Published on *Computer Science Department at Princeton University* (https://www.cs.princeton.edu)

Recent industry trends towards virtualization of network functions has led to a growing interest

in the problems of placement and configuration of so-called “middleboxes” to perform services on

the network traffic. The goal is to determine: how many middleboxes to run, where to place them,

and how to direct traffic through them. Towards this end, we introduce and study a new class of

multi-commodity flow problems. Here, in addition to demands on flows and capacity constraints on

edges in the network, there is an additional requirement that flows be processed by nodes in the

network.

We study the problems that arise from jointly optimizing the: (1) allocation of middleboxes over

a pool of server resources, (2) steering of traffic through middleboxes, and (3) routing of the traffic

between the servers over efficient network paths. We introduce and study several problems in this

class from the exact and approximation point of view.

We consider the problem of allocating resources within a given network to maximize the processed

flow and show that this can be optimized exactly via an LP formulation, and to arbitrary accuracy

via an efficient combinatorial algorithm.
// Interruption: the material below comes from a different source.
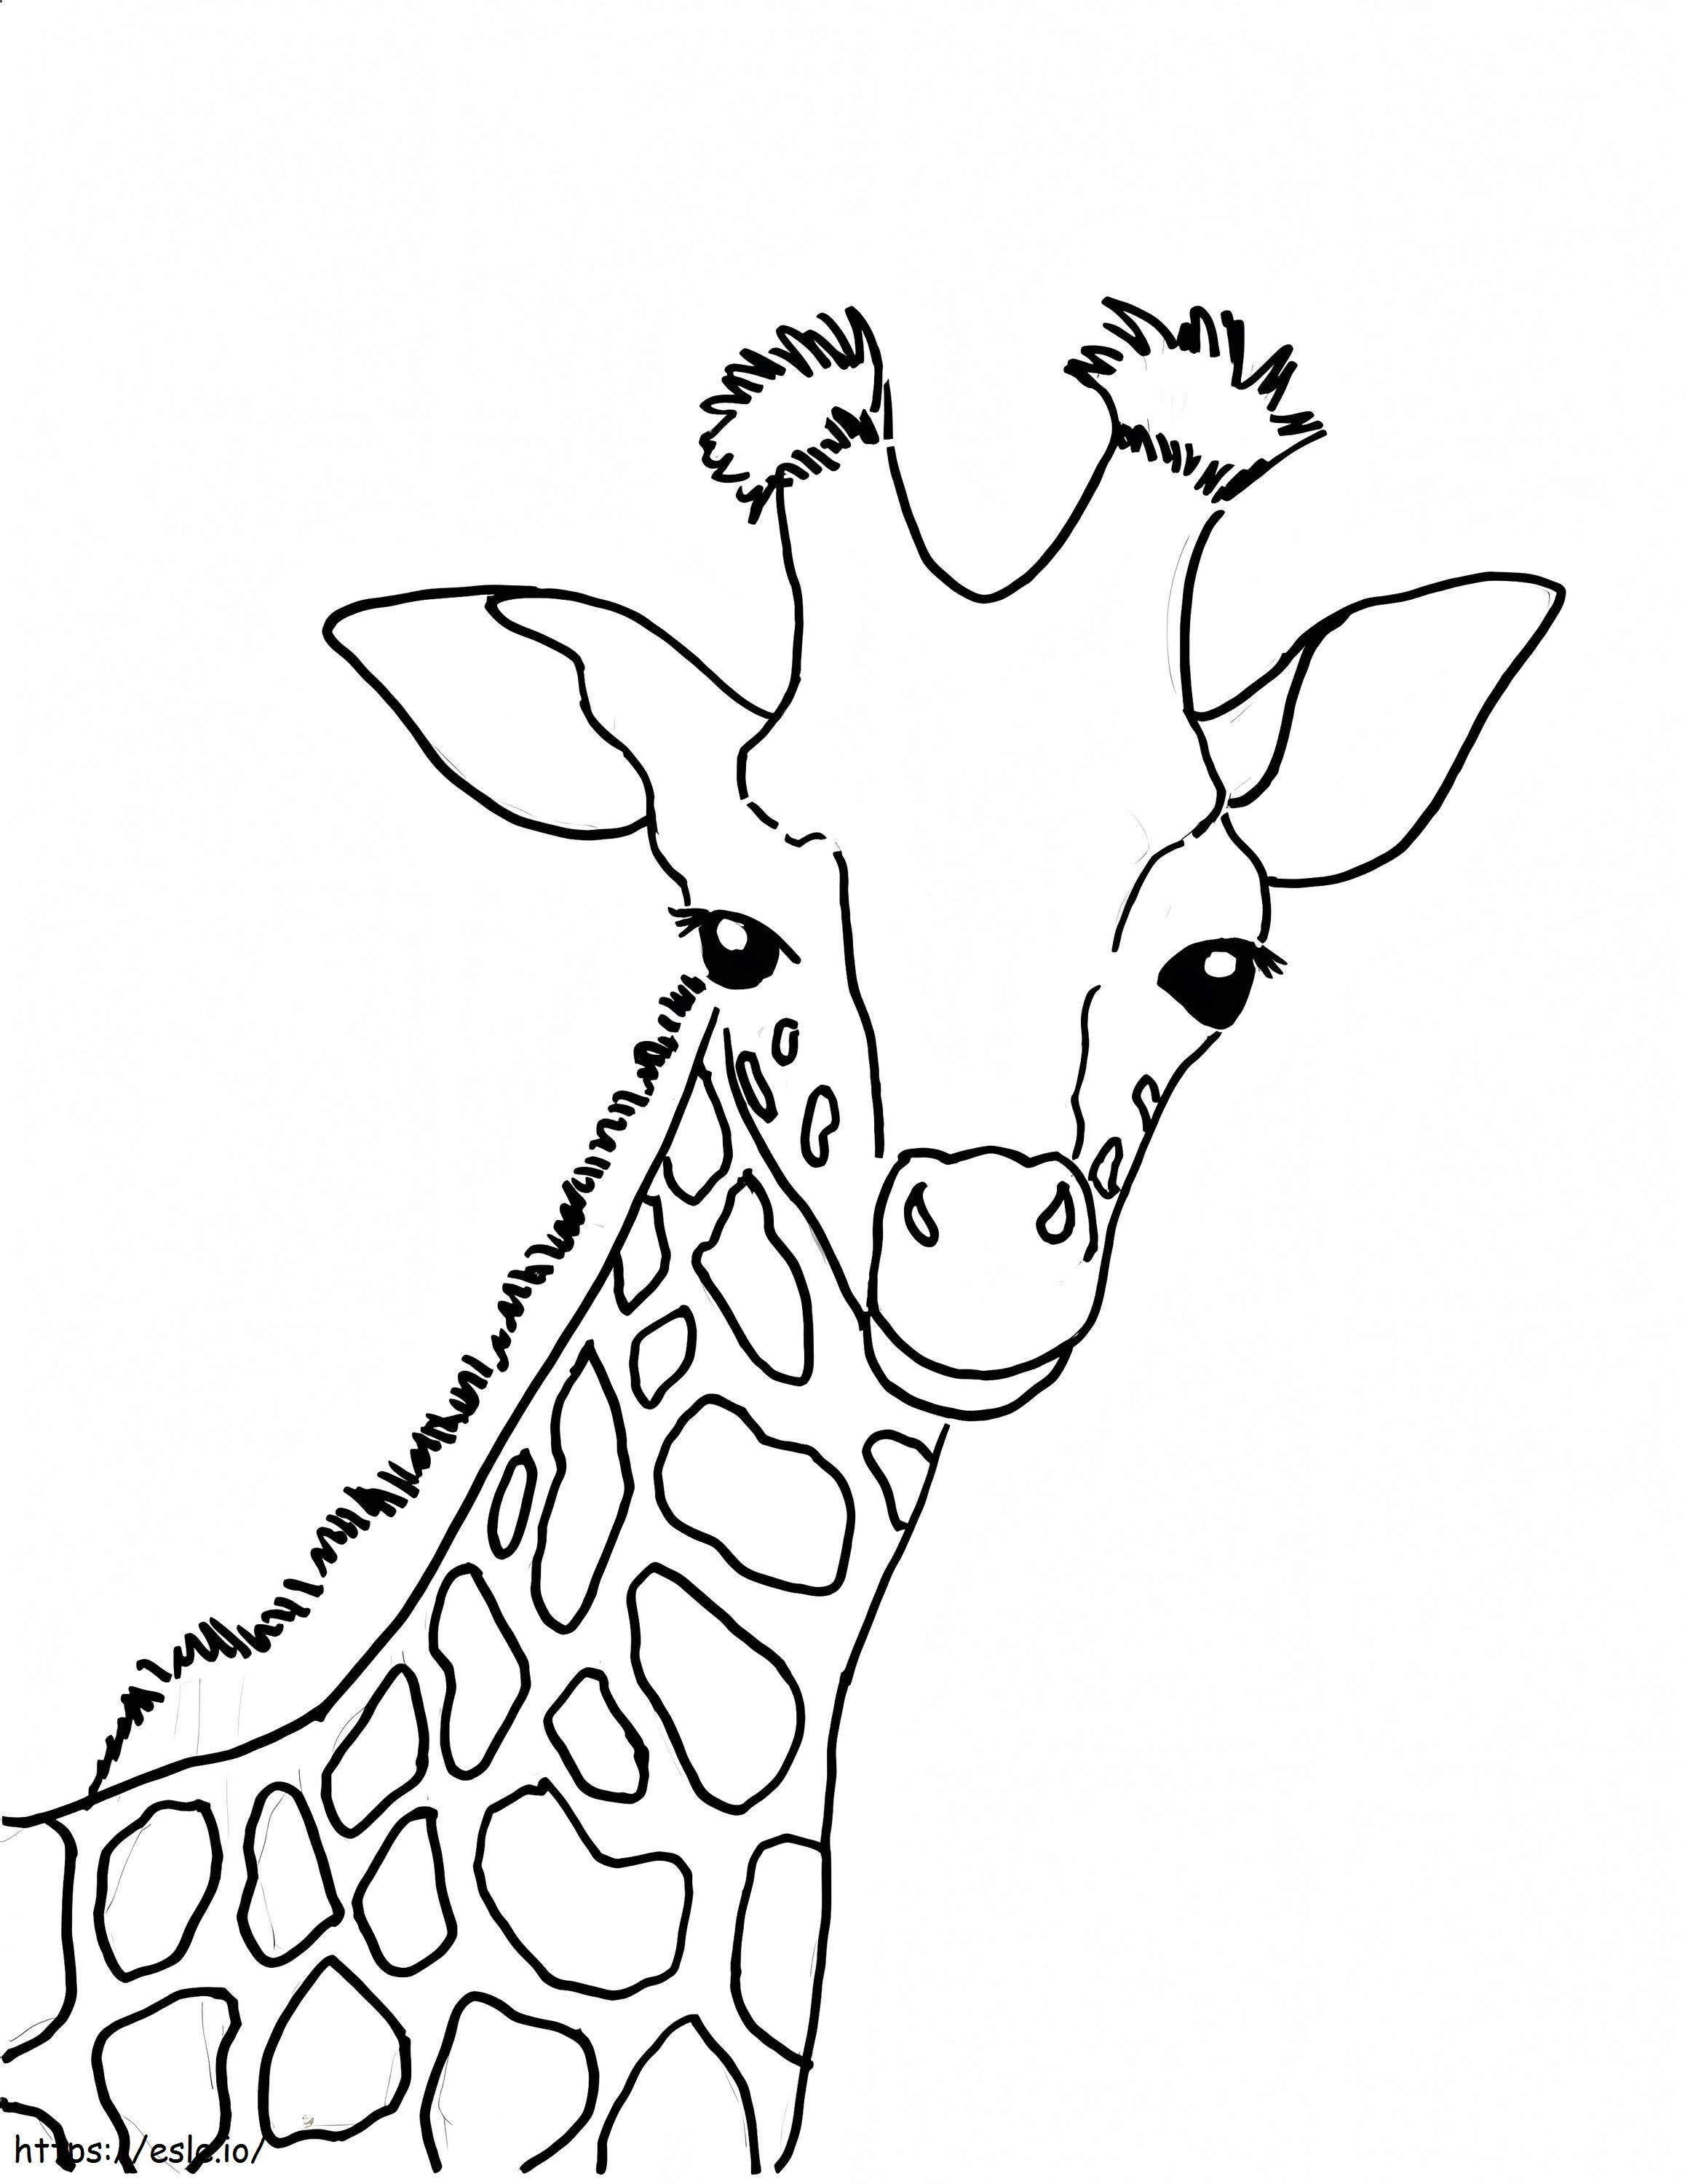 Giraffe Head coloring page

We also study a class of network design problems where

the goal is to purchase processing capacity in order to process and route a given set of demands in

a network. We design approximation algorithms as well as obtain hardness of approximation results

for four natural problems in this class: the minimization problem (minimize purchase cost so as to

process all the demand) and maximization problem (maximize flow processed subject to budget on

purchase cost) for both undirected and directed graphs.